▶ **Work request**
Nothing outside the range is to be copied. From the entries below, reproduce exactly the lines starting at the one with "Indien, Frauen, die" and ending at the one with "ANTILLES NEERLANDAISES - 2", without pictures.

▶ **Entries supplied**
※ ※ ※
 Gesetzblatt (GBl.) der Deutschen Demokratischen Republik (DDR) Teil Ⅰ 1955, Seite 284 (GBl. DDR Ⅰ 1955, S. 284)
※ ※ ※
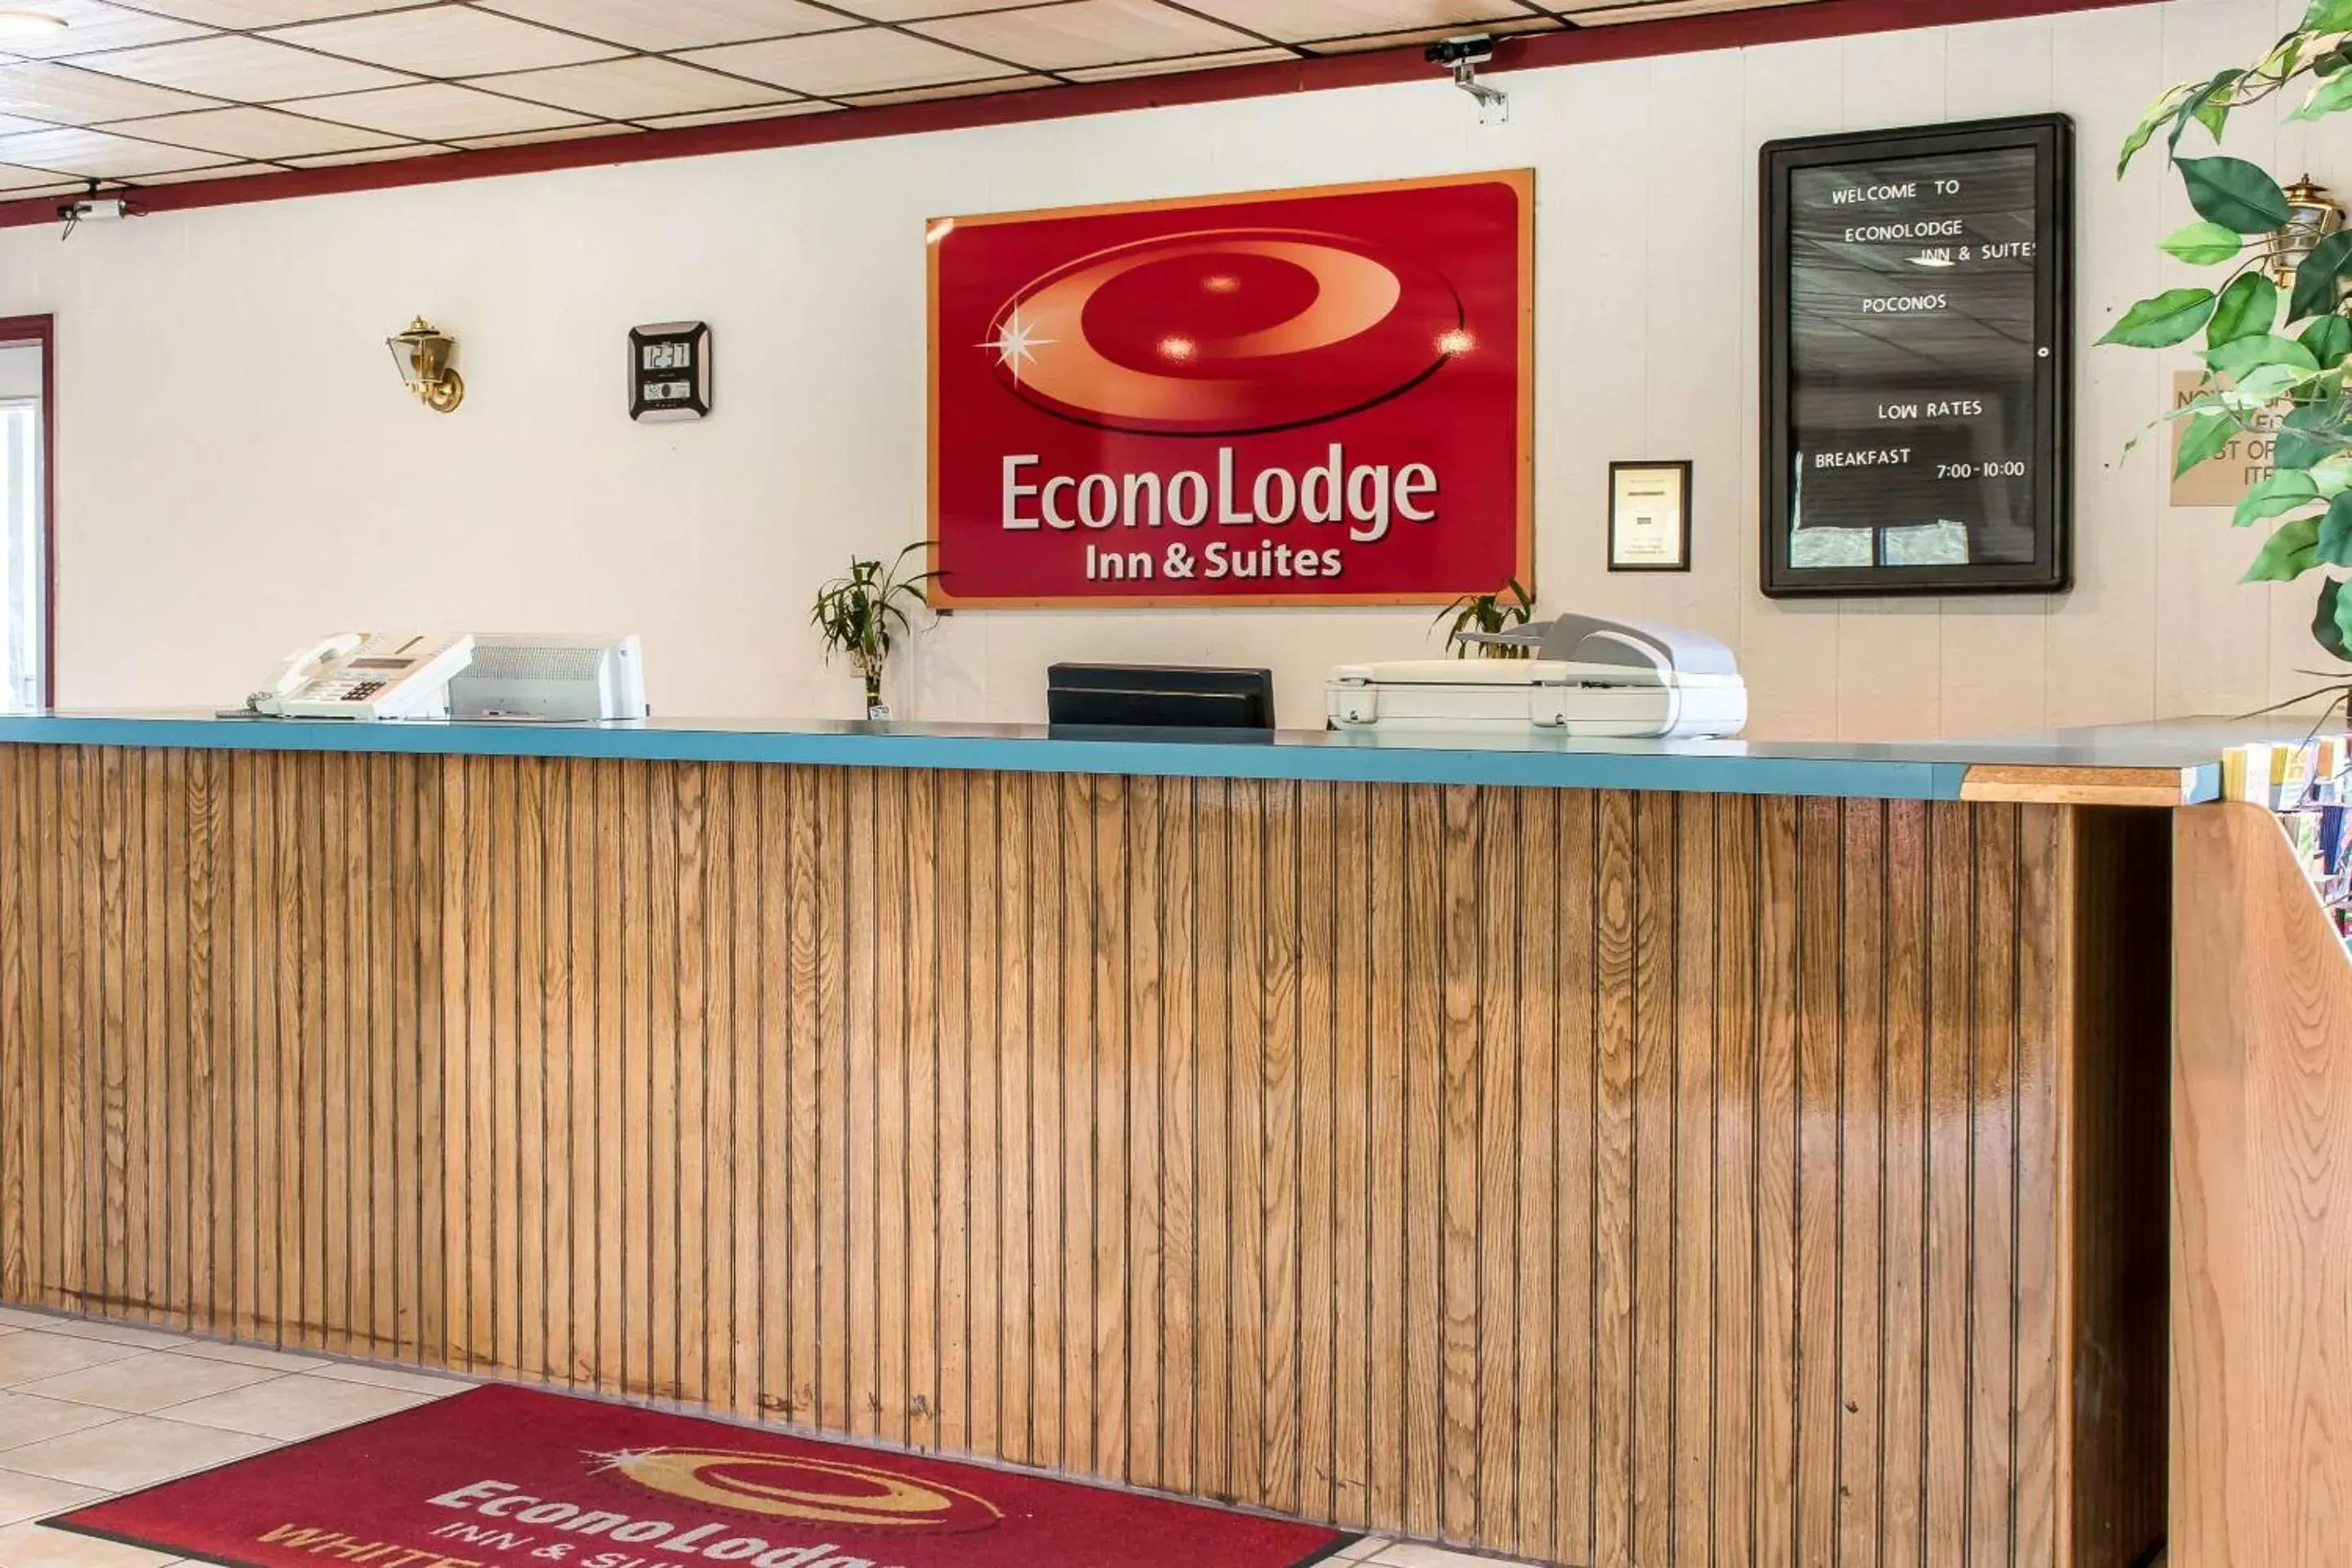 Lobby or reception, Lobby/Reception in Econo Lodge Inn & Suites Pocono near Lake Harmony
※ ※ ※
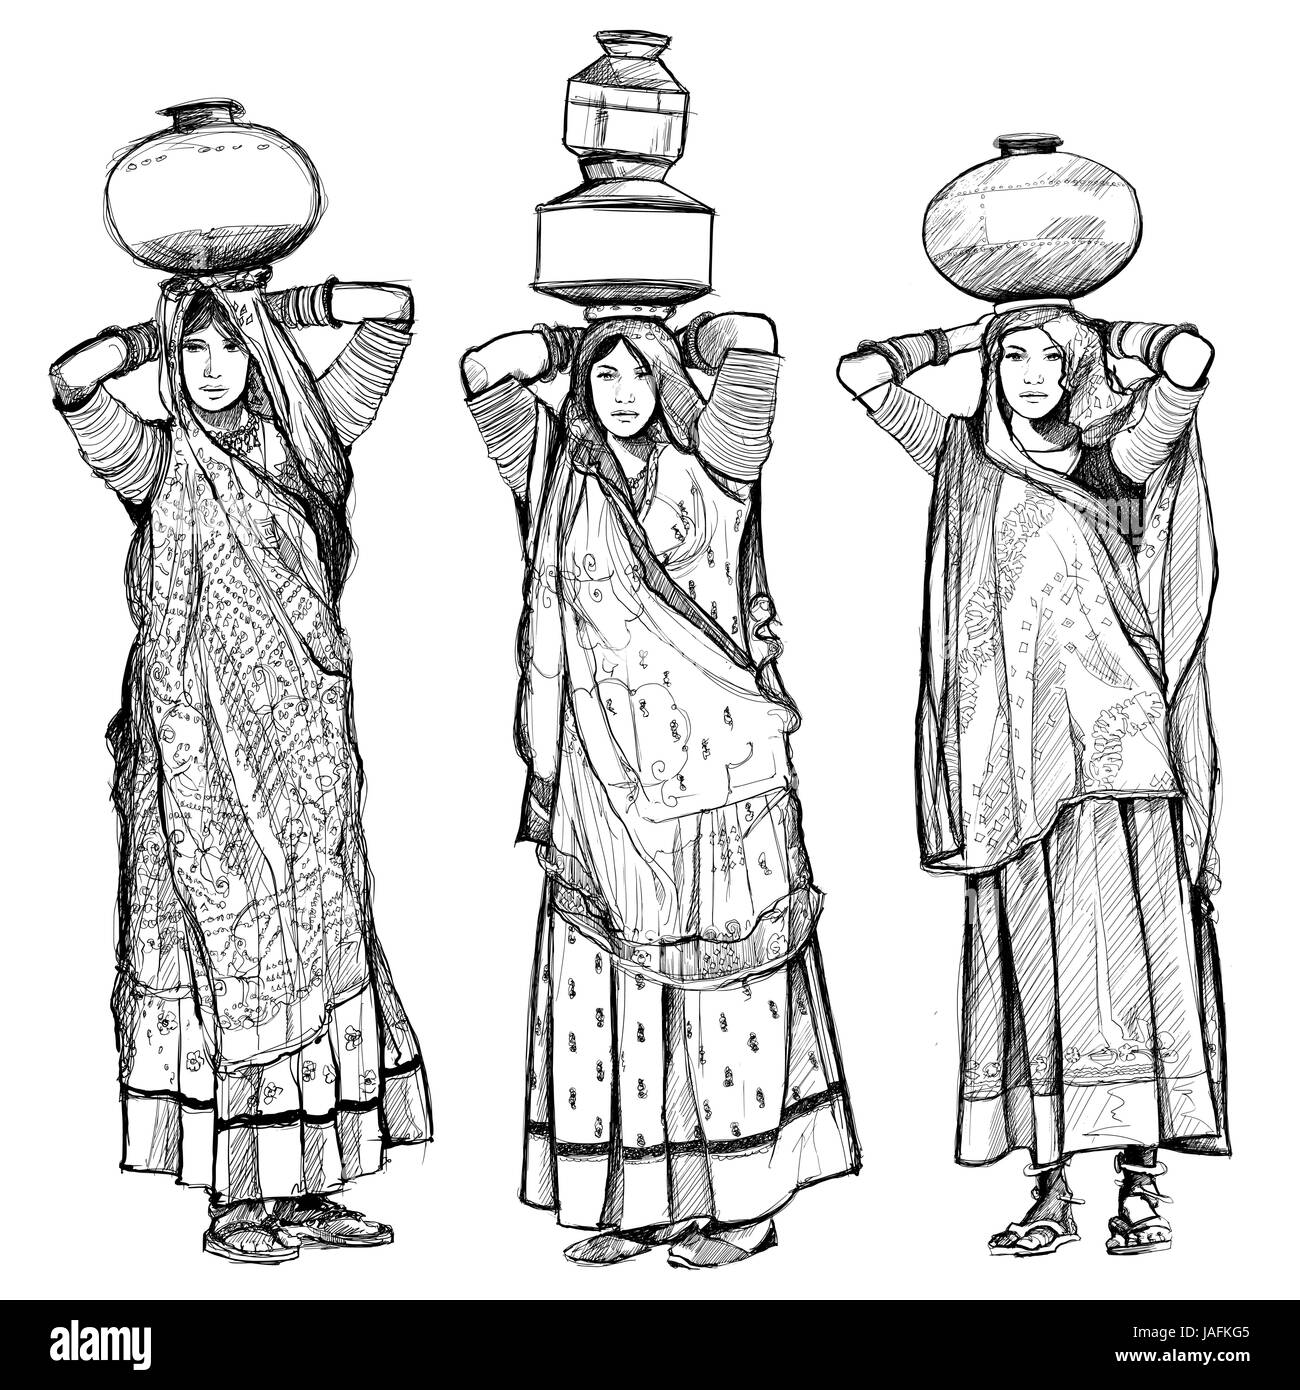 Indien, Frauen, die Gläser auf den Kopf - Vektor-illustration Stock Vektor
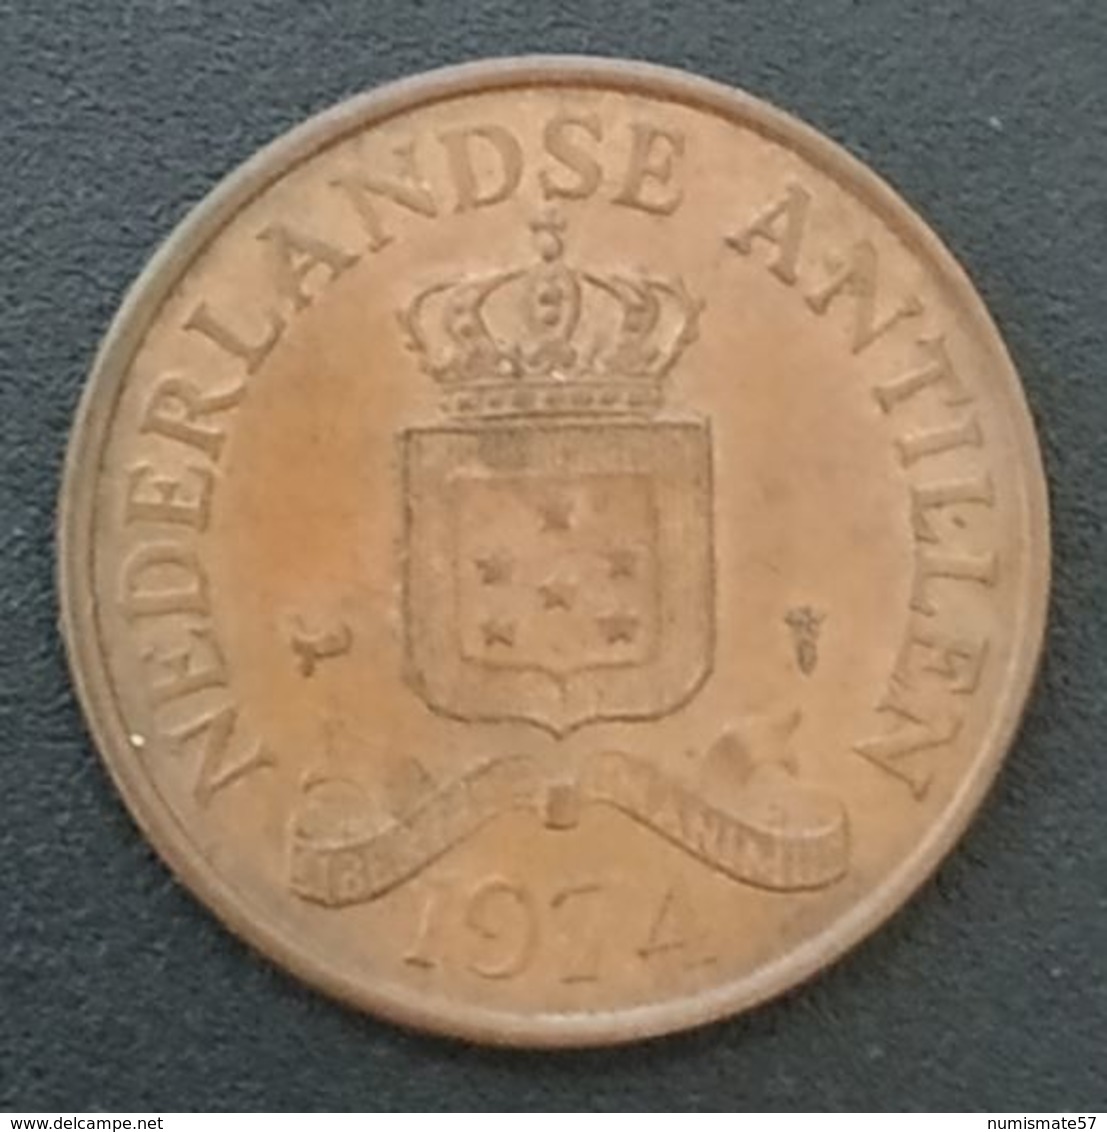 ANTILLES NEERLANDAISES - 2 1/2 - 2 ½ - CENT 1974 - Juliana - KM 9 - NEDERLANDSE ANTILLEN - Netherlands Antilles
※ ※ ※
▶ **Result of this task**
 Indien, Frauen, die Gläser auf den Kopf - Vektor-illustration Stock Vektor
 ANTILLES NEERLANDAISES - 2 1/2 - 2 ½ - CENT 1974 - Juliana - KM 9 - NEDERLANDSE ANTILLEN - Netherlands Antilles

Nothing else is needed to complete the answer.